* **Source data**
::::::::::

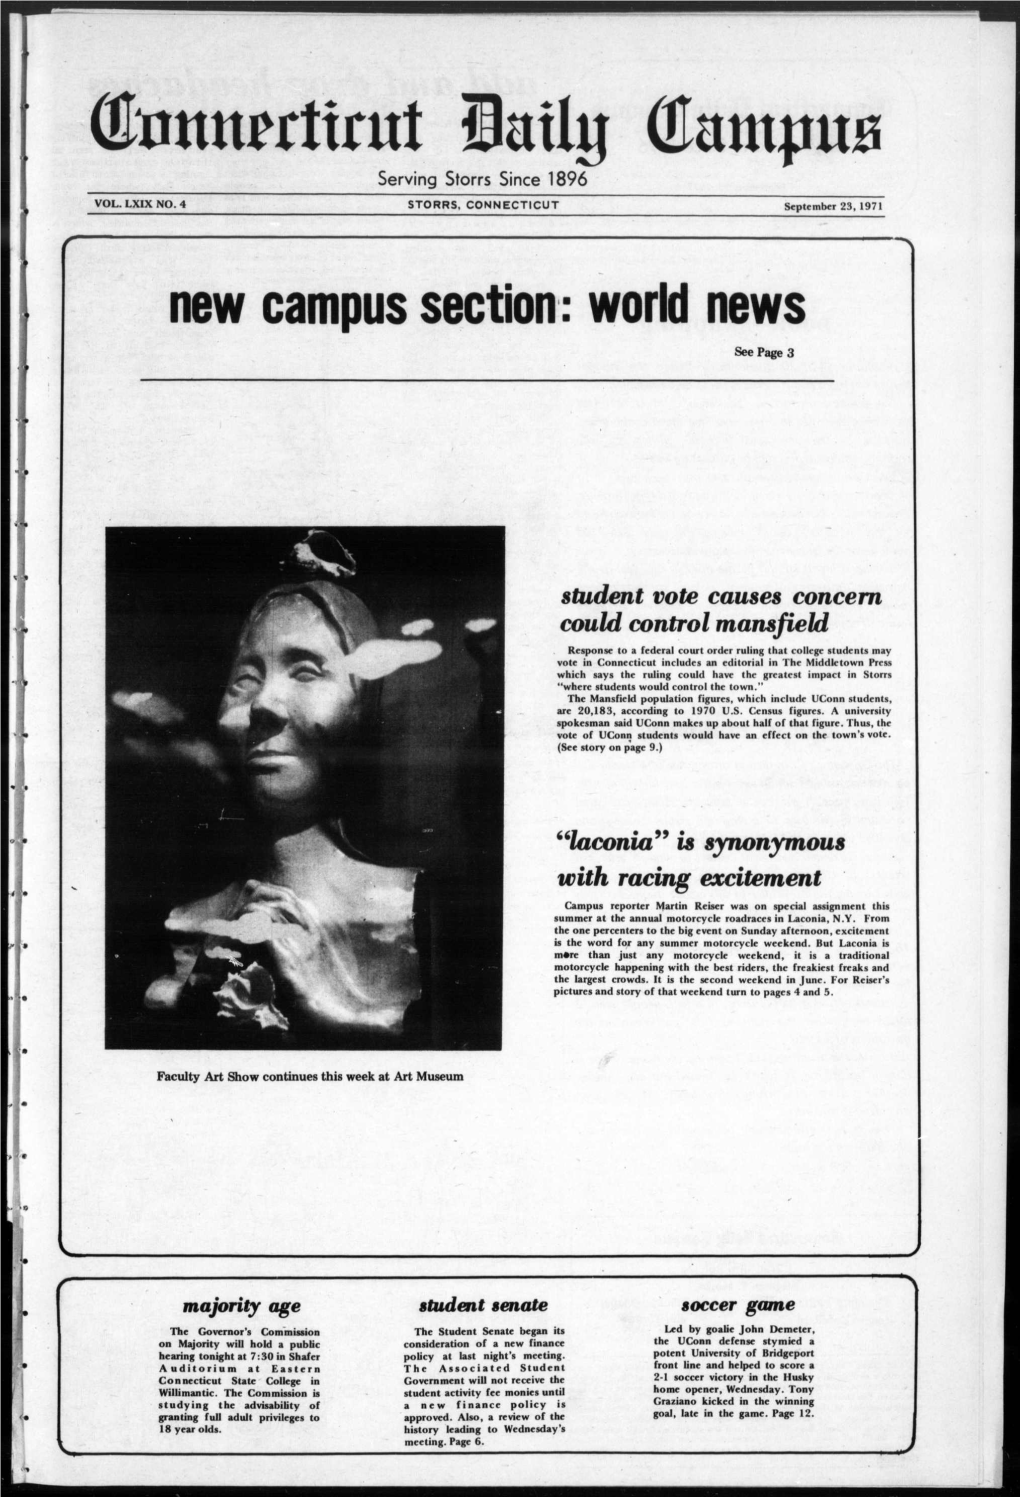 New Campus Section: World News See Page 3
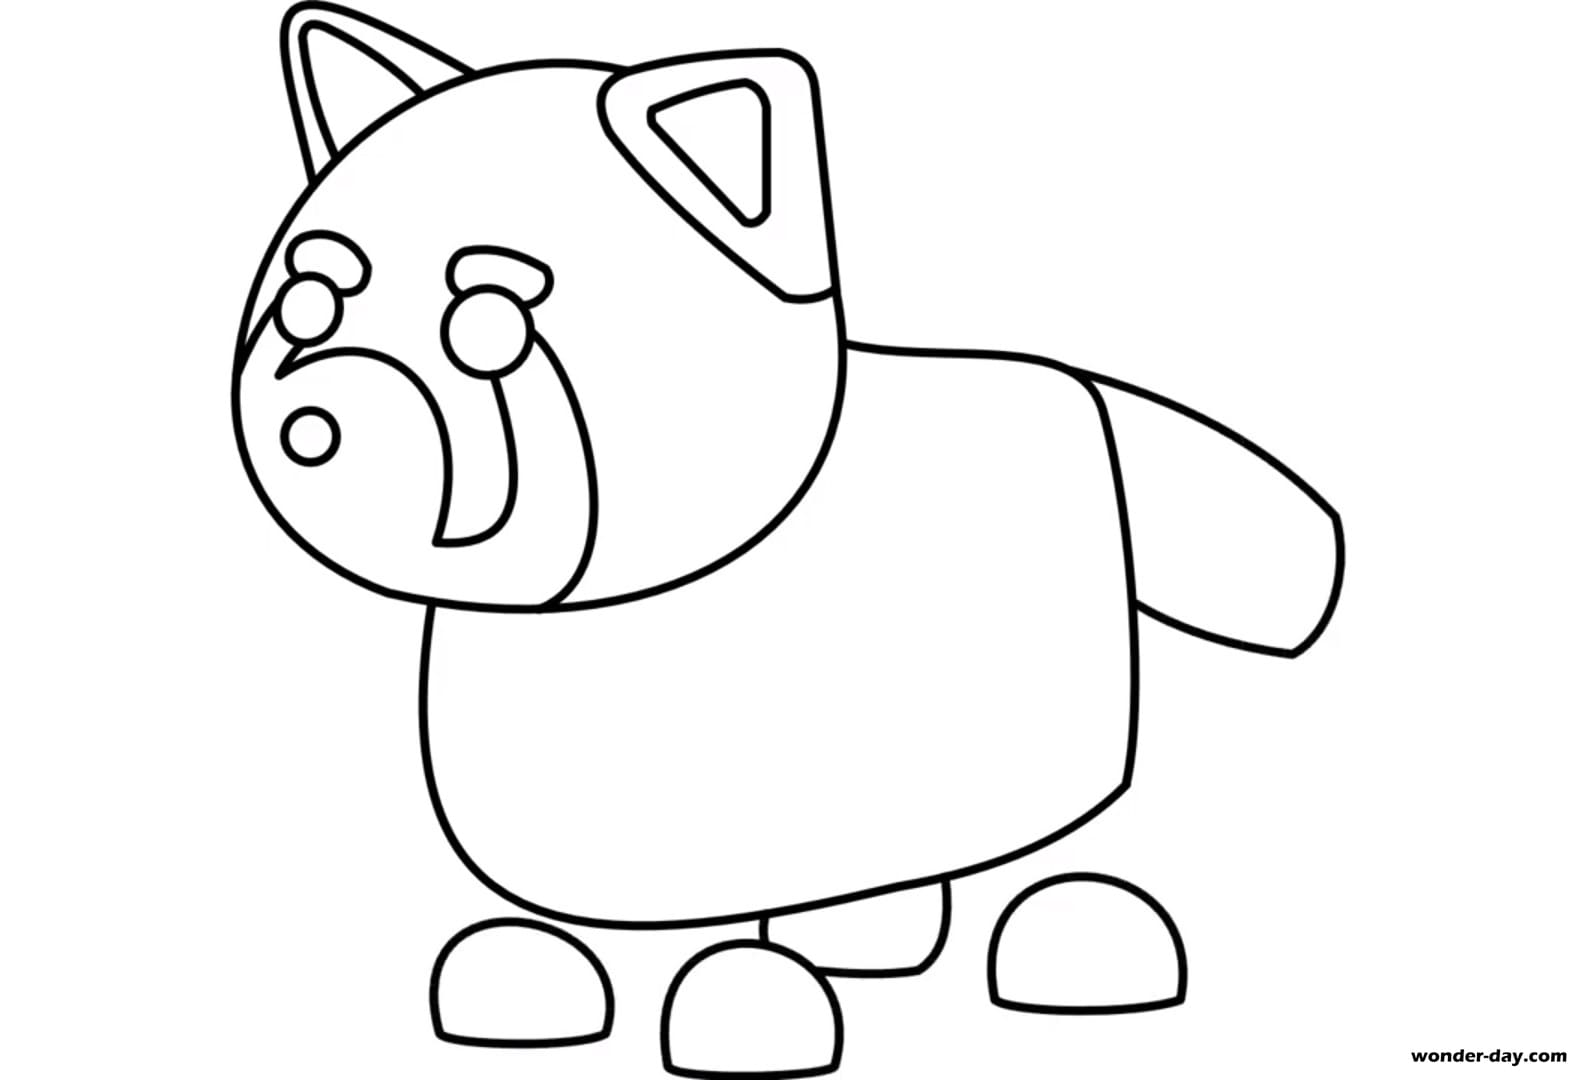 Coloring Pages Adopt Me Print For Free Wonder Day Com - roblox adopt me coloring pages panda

::::::::::

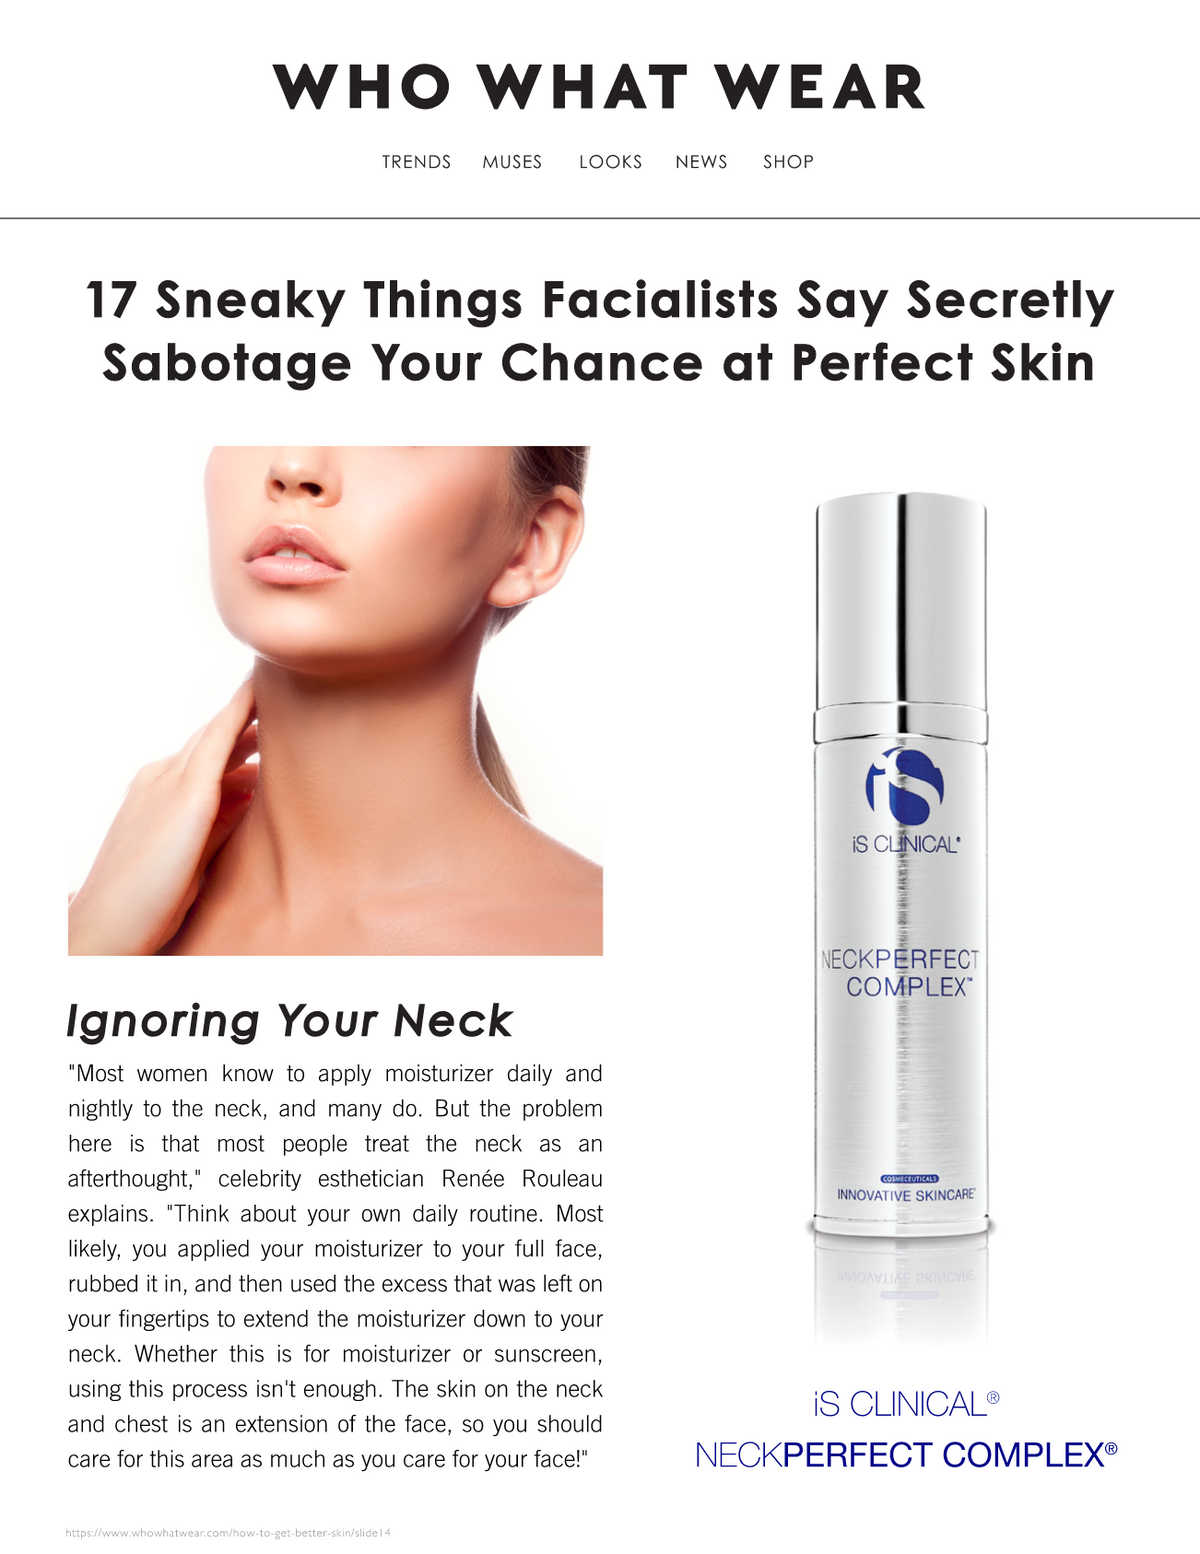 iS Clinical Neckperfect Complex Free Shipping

::::::::::

Output only the lines above from the line that holds "New Campus Section: World News See Page 3" through the line that holds "Coloring Pages Adopt", both ends included, and exclude pictures.

 New Campus Section: World News See Page 3
 Coloring Pages Adopt Me Print For Free Wonder Day Com - roblox adopt me coloring pages panda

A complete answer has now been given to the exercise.